The governing Social Democrats (SD) took a massive beating in Denmark’s municipal elections on November 18, losing 5.2 percent support nation-wide. While still the party with the highest overall vote (23.2 percent), it took losses in many municipalities, and saw its support halved in some key strongholds, losing 18 mayors across the country and failing to achieve representation in every council nationwide for the first time since 2007. Driven by discontent with the central government and unresolved structural inequalities, the results point to deeper cracks in Denmark’s once-stable political landscape as the country heads towards next year’s general elections.

Winners and losers in a divided electorate

Many of the SD losses were picked up by the left-wing Socialist People’s Party (SF) – most notably in larger cities and in the greater Copenhagen area – which won 11.1 percent (an increase of 3.4 percent), as well as by the ultraright Danish People’s Party (DF) (5.9 percent, a gain of 1.8 percent). A new right-wing party, the Danish Democrats (DD), saw big wins in rural areas, giving them a countrywide average of 4.7 percent, but the figure was as high as 17 percent or more in several disaffected municipalities. The result reflects both the rising polarisation between cities and rural areas, as well as an election campaign where the extent and quality of welfare services and NIMBY objections to the green transition played a prominent role.

The radical left Red-Green Alliance (Enhedslisten, EL) retained a steady but unimpressive representation in most of the country, going slightly backwards from 7.4 percent to 7.1 percent nationwide, and the Social-Liberal Party (RV) also lost 0.2 percent.  Centre-right parties Venstre (V) (17.9 percent) and the Conservatives (C) (12.7 percent) both lost votes, dropping 3.3 and 2.5 percent respectively. The right-wing libertarian Liberal Alliance (LA) won 5.5 percent (up by 4.1 percent) of votes cast, while the new Moderates (M) party – founded by former Prime Minster Lars Løkke Rasmussen and part of Denmark’s ruling coalition – could only muster 1.3 percent support.

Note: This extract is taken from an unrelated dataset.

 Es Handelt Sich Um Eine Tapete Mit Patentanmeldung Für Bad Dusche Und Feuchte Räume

Since 2007, Denmark has also elected regional councils to five administrative regions (funded exclusively by government transfers) at the same time as the municipal vote. In these regions – which from 2027 will be reduced to four – the overall results largely reflected those of the municipal elections.

Battle for the capital

The election campaign in Copenhagen was marked by a widespread wish to see the SDlose the post of Lord Mayor, which it has held for more than 100 years. The party has exercised power by driving the development and “modernisation” of the city, but this change has come at the expense of affordable housing and living conditions for lower middle-income households, students, and social pensioners. The EL candidate for Lord Mayor, Line Barfod, led her party to an impressive result in 2021, when it became the city’s largest, but was sidelined by the other parties during negotiations for the top job. In this election, Barfod allied herself with SF in  makingan end  toSD control of Copenhagen Town Hall a goal in itself. While the campaign – the dirtiest in memory – was dominated by the battle between the SD and EL, mainly on the issues of housing and parking, – it was SF who walked away with the role of Lord Mayor, benefiting from the widespread desire to remove SD from the office, and a reluctance of more right-wing parties to allow EL to assume the role.

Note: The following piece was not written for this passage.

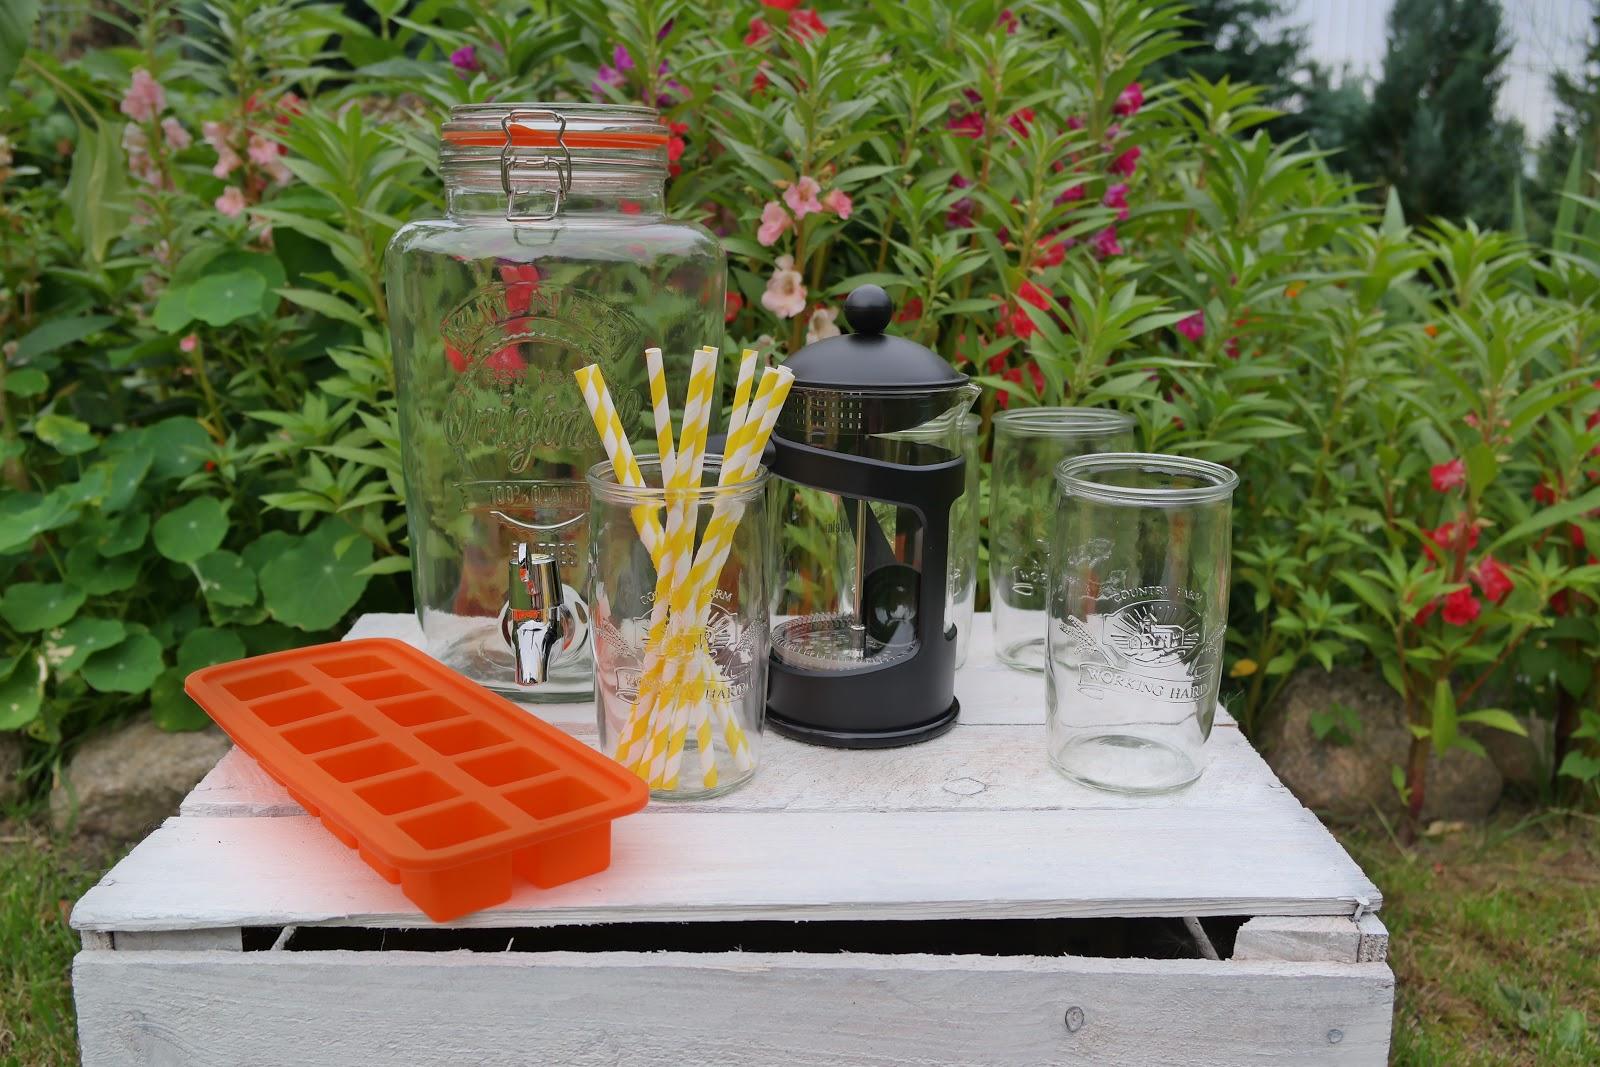 Przybory niezbędne do przygotowania mrożonej zielonej herbaty

Although remarkable, the shift of Copenhagen away from SD has been long in the making. After a miserable performance in the European elections in 2024, Prime Minister Mette Frederiksen made what was widely seen as an arrogant power grab, asking reigning Lord Mayor Sophie Hæstorp-Andersen to switch positions with Pernille Rosenkrantz-Theil, Minister of Social Affairs and Housing, and a personal friend of the Prime Minister (they even co-own a summer house). Rosenkrantz-Theil obediently quit government to become SD’s Lord Mayoral candidate, while a technocratic Social Democrat replaced the Lord Mayor on an interim basis. Rosenkrantz-Theil had been an MP for the EL in her youth, and SD apparently hoped to win over left-leaning voters through her candidacy. However, despite her undoubted qualifications, the Copenhagen electorate was left with the impression that the increasingly unpopular Prime Minister was trying to impose her close friend and ally as a proxy to govern the capital on her behalf. Rosenkrantz-Theil’s attitude during the campaign, widely viewed as arrogant and entitled, didn’t help matters either.

The red menace

The attempt to use Rosenkrantz-Theil to swing voters to SD proved fruitless, not least because the increasingly desperate party adopted many of its key issues from the right wing (for example, trying to make urban parking spaces a main theme of the election). At the same time, it had a paucity of responses to more genuine problems, such as the housing crisis where it pinned its hopes almost entirely on the highly questionable Lynetteholm project, a landfill island in Copenhagen’s harbour that will supposedly accommodate 50,000 residents – by 2070.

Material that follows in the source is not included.